BEGIN COLLECTED DATA

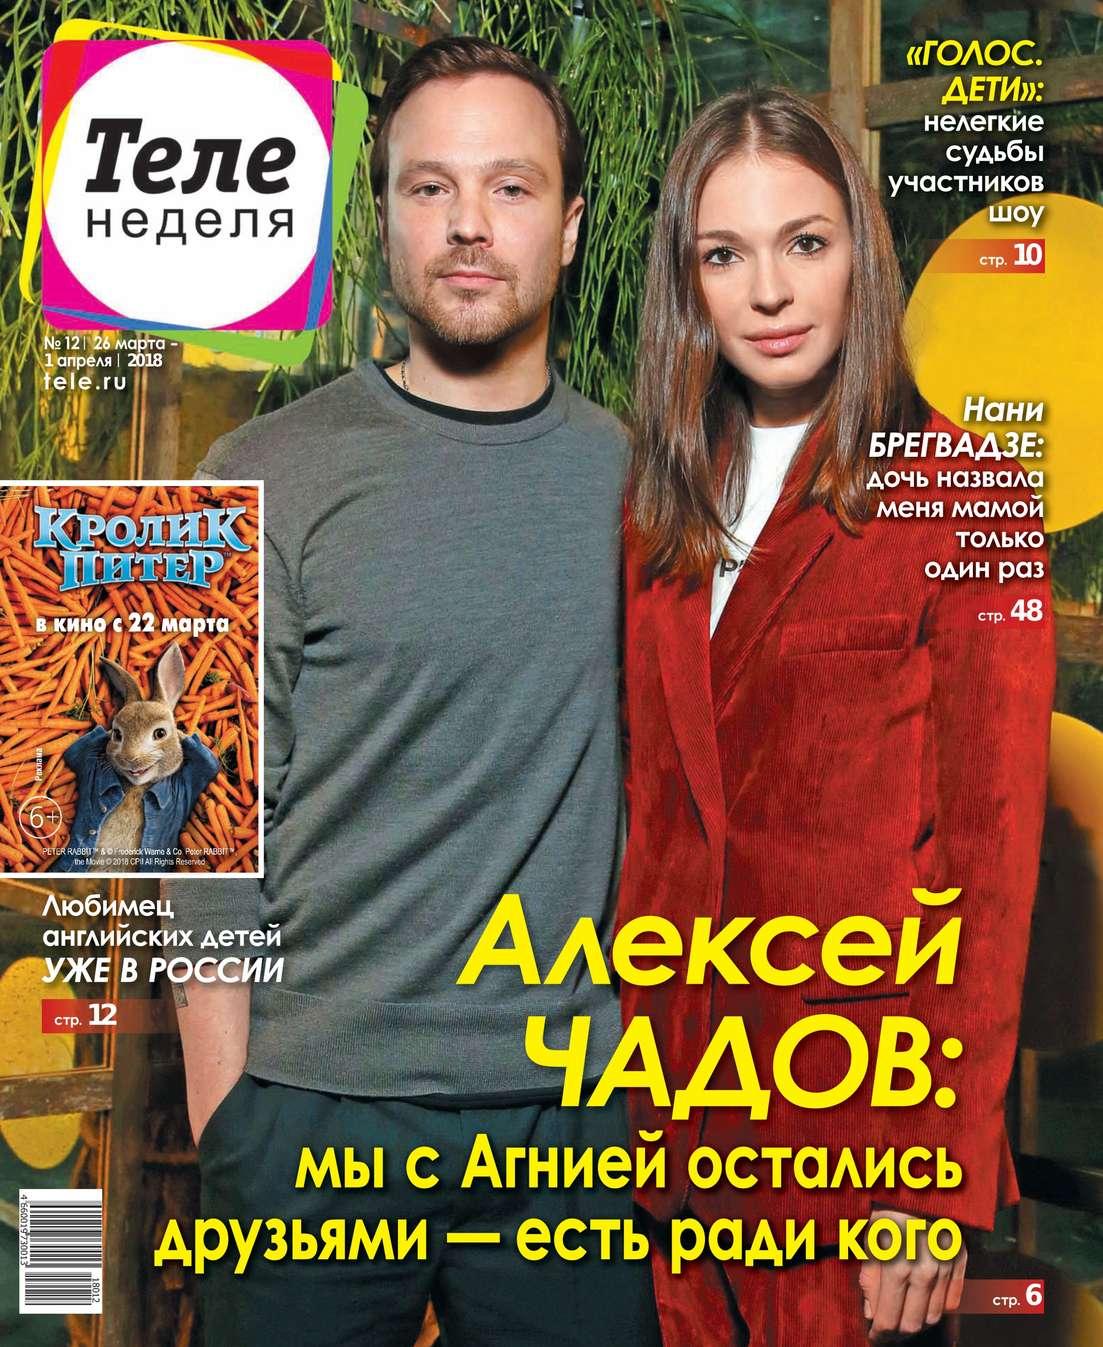 Теленеделя. Журнал о Знаменитостях с Телепрограммой 12-2018
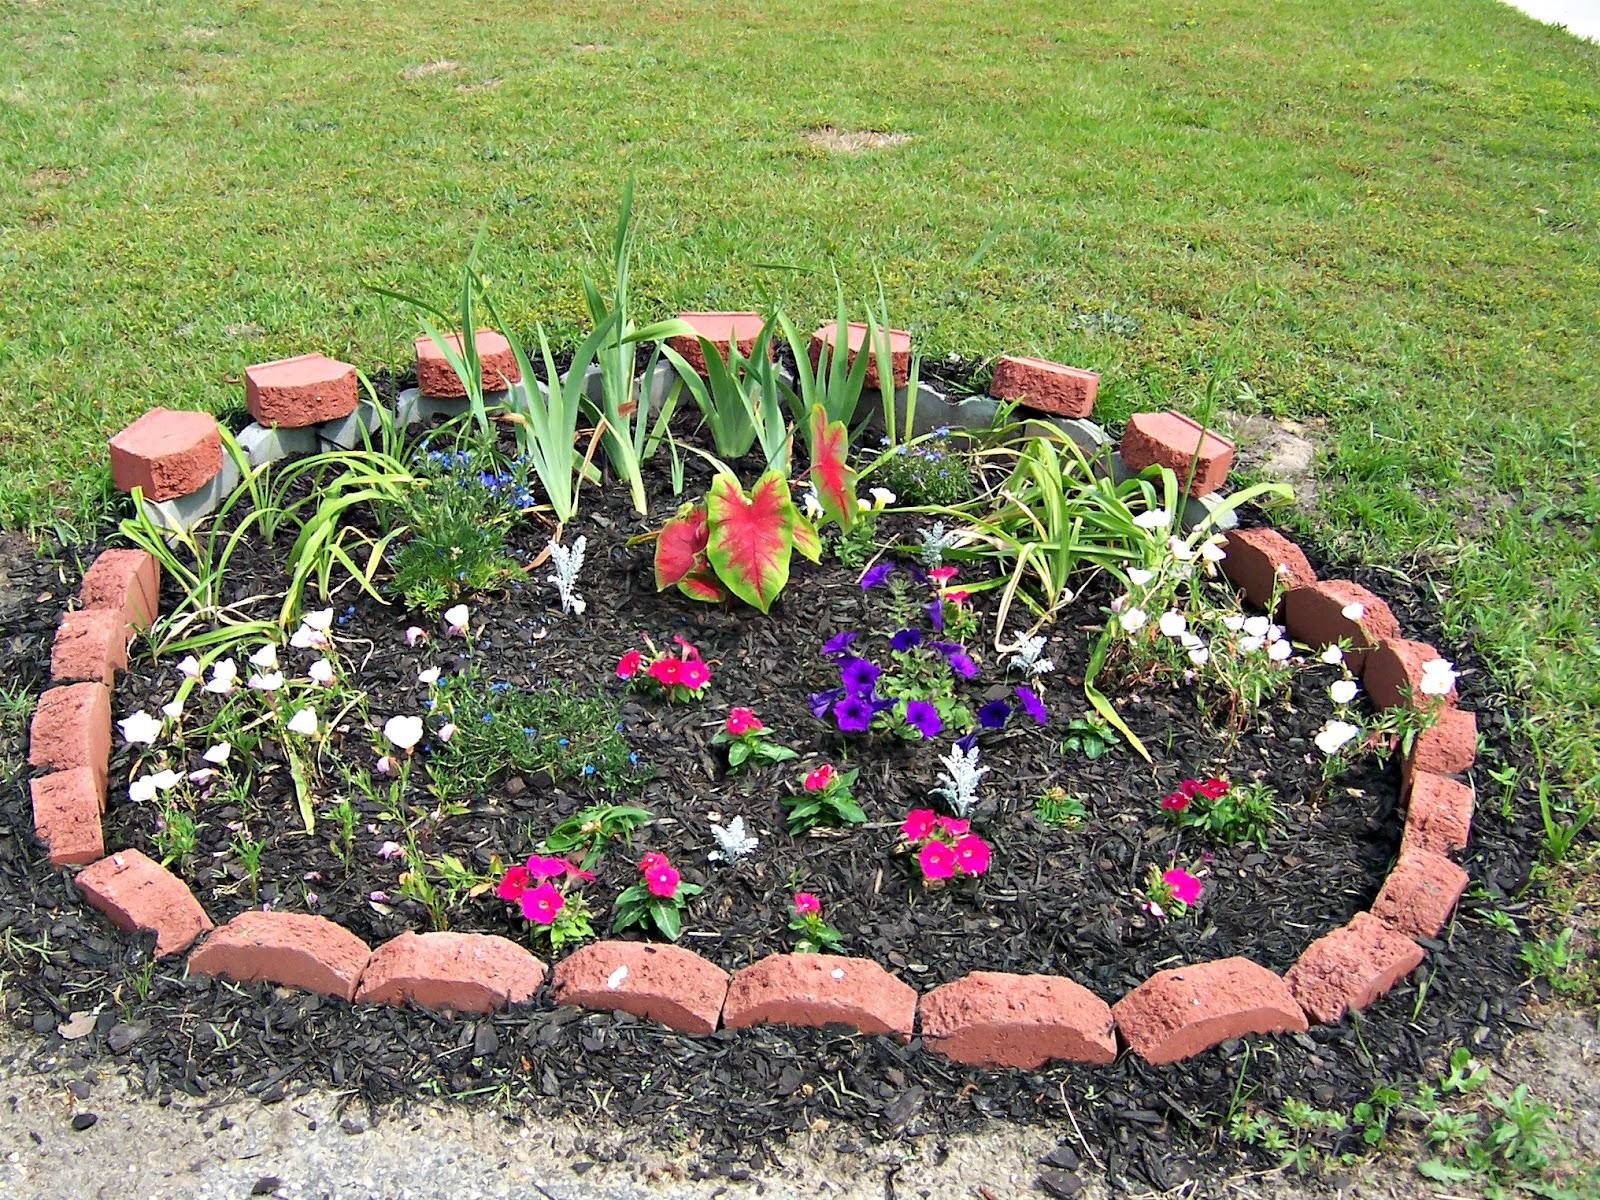 Pietre Da Giardino Per Aiuole : Come creare aiuole fiorite senza spendere troppo guida giardino
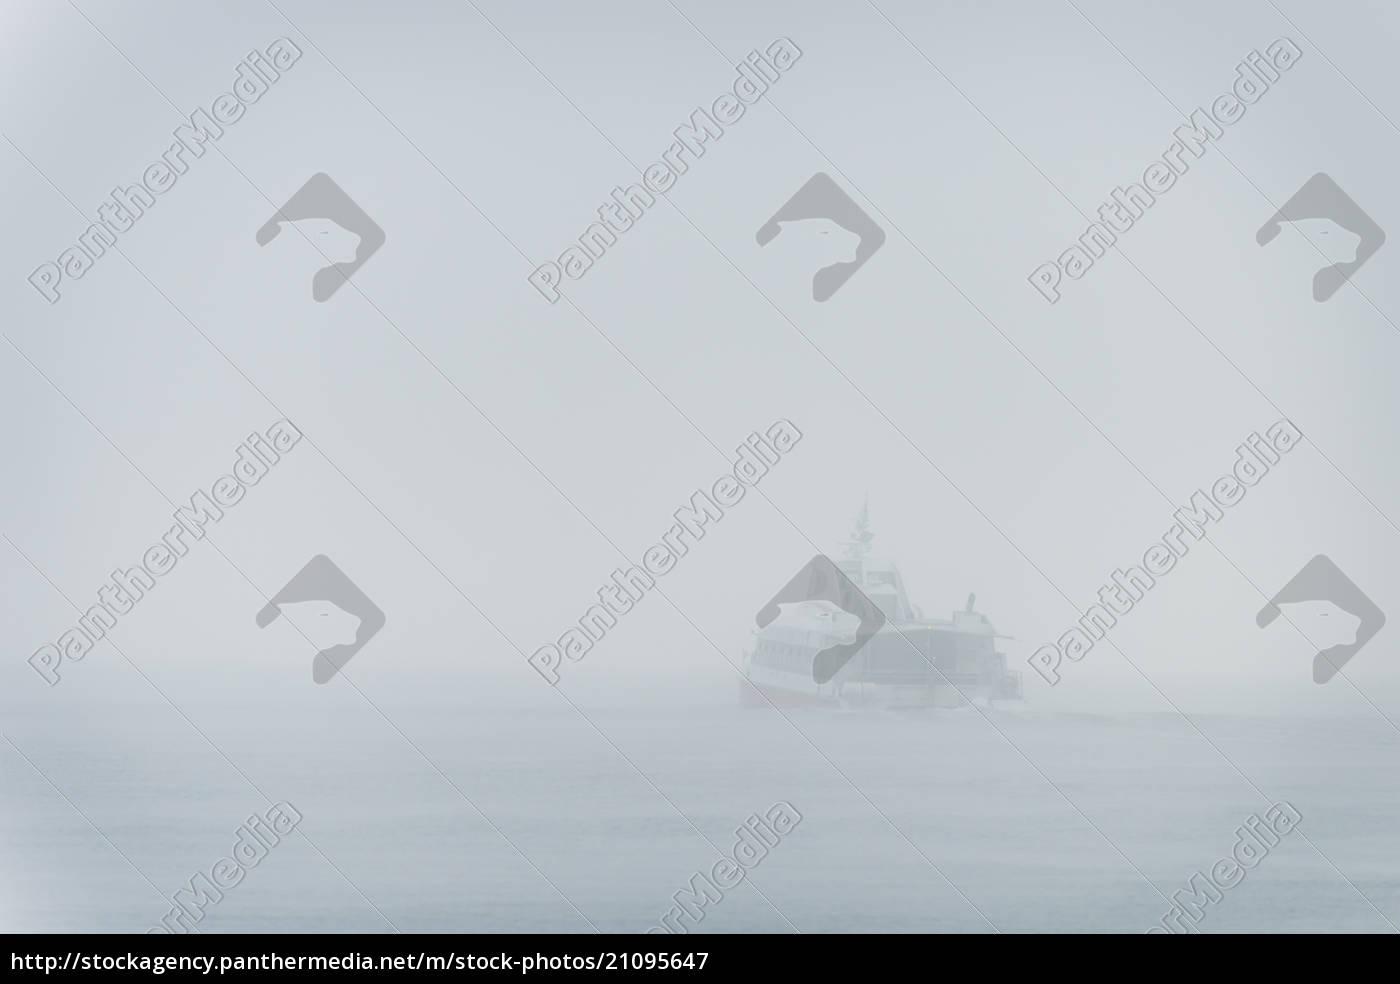 alemanha, baden-wuerttemberg, constance, lago, constança, na, névoa, da, manhã, catamarã - 21095647

END COLLECTED DATA

> WHAT IS REQUIRED: Restate the material above word for word; pictures do not belong in the copy.

> WRITTEN ANSWER:
 Теленеделя. Журнал о Знаменитостях с Телепрограммой 12-2018
 Pietre Da Giardino Per Aiuole : Come creare aiuole fiorite senza spendere troppo guida giardino
 alemanha, baden-wuerttemberg, constance, lago, constança, na, névoa, da, manhã, catamarã - 21095647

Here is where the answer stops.